PROVIDED RECORDS:
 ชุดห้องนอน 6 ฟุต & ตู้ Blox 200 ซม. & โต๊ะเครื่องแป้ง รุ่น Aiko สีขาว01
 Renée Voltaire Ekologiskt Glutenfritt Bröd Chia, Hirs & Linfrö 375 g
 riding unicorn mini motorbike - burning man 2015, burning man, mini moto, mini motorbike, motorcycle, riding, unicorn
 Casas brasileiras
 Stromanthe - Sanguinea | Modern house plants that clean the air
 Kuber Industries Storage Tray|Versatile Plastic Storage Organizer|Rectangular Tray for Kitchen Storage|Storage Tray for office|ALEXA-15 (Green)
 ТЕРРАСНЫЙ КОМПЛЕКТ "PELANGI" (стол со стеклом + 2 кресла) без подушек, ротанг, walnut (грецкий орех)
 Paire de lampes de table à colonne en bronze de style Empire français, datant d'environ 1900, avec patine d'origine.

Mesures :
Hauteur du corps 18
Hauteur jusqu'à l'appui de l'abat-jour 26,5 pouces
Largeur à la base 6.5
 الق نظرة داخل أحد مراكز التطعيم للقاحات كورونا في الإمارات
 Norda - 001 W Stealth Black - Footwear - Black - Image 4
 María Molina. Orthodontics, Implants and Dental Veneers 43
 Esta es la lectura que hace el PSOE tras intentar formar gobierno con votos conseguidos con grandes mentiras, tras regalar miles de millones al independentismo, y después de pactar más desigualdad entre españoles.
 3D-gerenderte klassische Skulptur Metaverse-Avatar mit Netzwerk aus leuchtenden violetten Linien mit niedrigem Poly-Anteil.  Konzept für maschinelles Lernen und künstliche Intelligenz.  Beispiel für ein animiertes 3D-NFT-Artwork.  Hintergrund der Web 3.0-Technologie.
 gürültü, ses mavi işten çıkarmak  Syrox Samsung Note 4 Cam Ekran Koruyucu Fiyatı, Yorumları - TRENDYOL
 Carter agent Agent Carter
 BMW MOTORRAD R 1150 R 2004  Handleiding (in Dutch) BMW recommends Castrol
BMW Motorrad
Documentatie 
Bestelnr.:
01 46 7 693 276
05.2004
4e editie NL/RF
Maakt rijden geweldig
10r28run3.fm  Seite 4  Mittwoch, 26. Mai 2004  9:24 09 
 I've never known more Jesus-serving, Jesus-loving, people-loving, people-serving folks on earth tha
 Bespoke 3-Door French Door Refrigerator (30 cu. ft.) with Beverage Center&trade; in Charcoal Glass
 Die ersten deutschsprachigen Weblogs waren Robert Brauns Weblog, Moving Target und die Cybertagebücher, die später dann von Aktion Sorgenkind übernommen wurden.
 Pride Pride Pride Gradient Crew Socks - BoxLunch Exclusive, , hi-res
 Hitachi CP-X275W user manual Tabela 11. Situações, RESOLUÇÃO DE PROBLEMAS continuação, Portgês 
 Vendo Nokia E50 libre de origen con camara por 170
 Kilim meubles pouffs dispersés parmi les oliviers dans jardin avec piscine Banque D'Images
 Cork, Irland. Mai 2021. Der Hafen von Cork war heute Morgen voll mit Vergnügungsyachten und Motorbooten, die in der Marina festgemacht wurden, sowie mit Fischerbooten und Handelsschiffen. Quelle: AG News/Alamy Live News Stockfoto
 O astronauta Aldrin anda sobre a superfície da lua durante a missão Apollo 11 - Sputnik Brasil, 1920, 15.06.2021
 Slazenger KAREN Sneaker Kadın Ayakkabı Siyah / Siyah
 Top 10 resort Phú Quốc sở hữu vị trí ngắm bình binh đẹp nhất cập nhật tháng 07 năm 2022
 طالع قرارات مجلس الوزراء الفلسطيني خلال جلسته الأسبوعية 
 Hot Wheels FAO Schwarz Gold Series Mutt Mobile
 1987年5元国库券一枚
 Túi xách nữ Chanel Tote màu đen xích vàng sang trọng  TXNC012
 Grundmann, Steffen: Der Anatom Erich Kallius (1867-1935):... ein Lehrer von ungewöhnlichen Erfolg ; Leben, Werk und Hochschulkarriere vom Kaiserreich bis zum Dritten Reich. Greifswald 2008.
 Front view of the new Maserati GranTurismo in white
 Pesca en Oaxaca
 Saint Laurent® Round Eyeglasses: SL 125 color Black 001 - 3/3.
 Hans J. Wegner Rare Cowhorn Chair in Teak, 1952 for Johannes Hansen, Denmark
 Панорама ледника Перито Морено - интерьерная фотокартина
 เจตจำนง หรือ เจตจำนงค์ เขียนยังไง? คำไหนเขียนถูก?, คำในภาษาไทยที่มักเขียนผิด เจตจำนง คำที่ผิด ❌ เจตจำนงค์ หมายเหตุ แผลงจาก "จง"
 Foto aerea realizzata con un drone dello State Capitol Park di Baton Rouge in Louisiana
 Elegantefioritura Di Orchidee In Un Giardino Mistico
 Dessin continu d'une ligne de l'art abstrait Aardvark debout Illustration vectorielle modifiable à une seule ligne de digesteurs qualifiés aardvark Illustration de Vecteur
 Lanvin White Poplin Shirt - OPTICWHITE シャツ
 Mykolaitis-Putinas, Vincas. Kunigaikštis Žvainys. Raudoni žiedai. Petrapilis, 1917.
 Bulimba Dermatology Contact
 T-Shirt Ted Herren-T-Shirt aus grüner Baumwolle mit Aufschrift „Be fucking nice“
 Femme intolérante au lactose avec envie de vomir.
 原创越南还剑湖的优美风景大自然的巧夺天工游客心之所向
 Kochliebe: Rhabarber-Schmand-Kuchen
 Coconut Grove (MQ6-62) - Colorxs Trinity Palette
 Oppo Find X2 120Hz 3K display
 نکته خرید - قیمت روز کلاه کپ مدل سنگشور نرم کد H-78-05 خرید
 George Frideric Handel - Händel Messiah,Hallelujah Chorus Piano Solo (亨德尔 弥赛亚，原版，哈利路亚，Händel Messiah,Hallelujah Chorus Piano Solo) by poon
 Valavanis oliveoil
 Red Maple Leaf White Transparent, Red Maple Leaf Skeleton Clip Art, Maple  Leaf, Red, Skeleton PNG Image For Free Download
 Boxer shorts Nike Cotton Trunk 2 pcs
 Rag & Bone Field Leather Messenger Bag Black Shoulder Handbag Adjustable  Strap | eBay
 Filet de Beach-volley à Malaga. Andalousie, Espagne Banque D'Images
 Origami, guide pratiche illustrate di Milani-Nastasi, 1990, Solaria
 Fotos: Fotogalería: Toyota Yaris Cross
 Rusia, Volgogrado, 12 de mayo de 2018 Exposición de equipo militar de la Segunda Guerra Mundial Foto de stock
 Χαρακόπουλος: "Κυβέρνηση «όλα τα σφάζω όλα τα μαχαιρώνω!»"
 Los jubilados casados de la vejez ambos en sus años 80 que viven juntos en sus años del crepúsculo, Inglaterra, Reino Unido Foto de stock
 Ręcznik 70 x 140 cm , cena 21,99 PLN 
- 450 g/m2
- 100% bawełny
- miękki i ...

TASK DETAILS: When you answer, output each line of the data exactly as given, from its first line up to and including the one with "Stromanthe - Sanguinea".

COMPLETED TASK:
 ชุดห้องนอน 6 ฟุต & ตู้ Blox 200 ซม. & โต๊ะเครื่องแป้ง รุ่น Aiko สีขาว01
 Renée Voltaire Ekologiskt Glutenfritt Bröd Chia, Hirs & Linfrö 375 g
 riding unicorn mini motorbike - burning man 2015, burning man, mini moto, mini motorbike, motorcycle, riding, unicorn
 Casas brasileiras
 Stromanthe - Sanguinea | Modern house plants that clean the air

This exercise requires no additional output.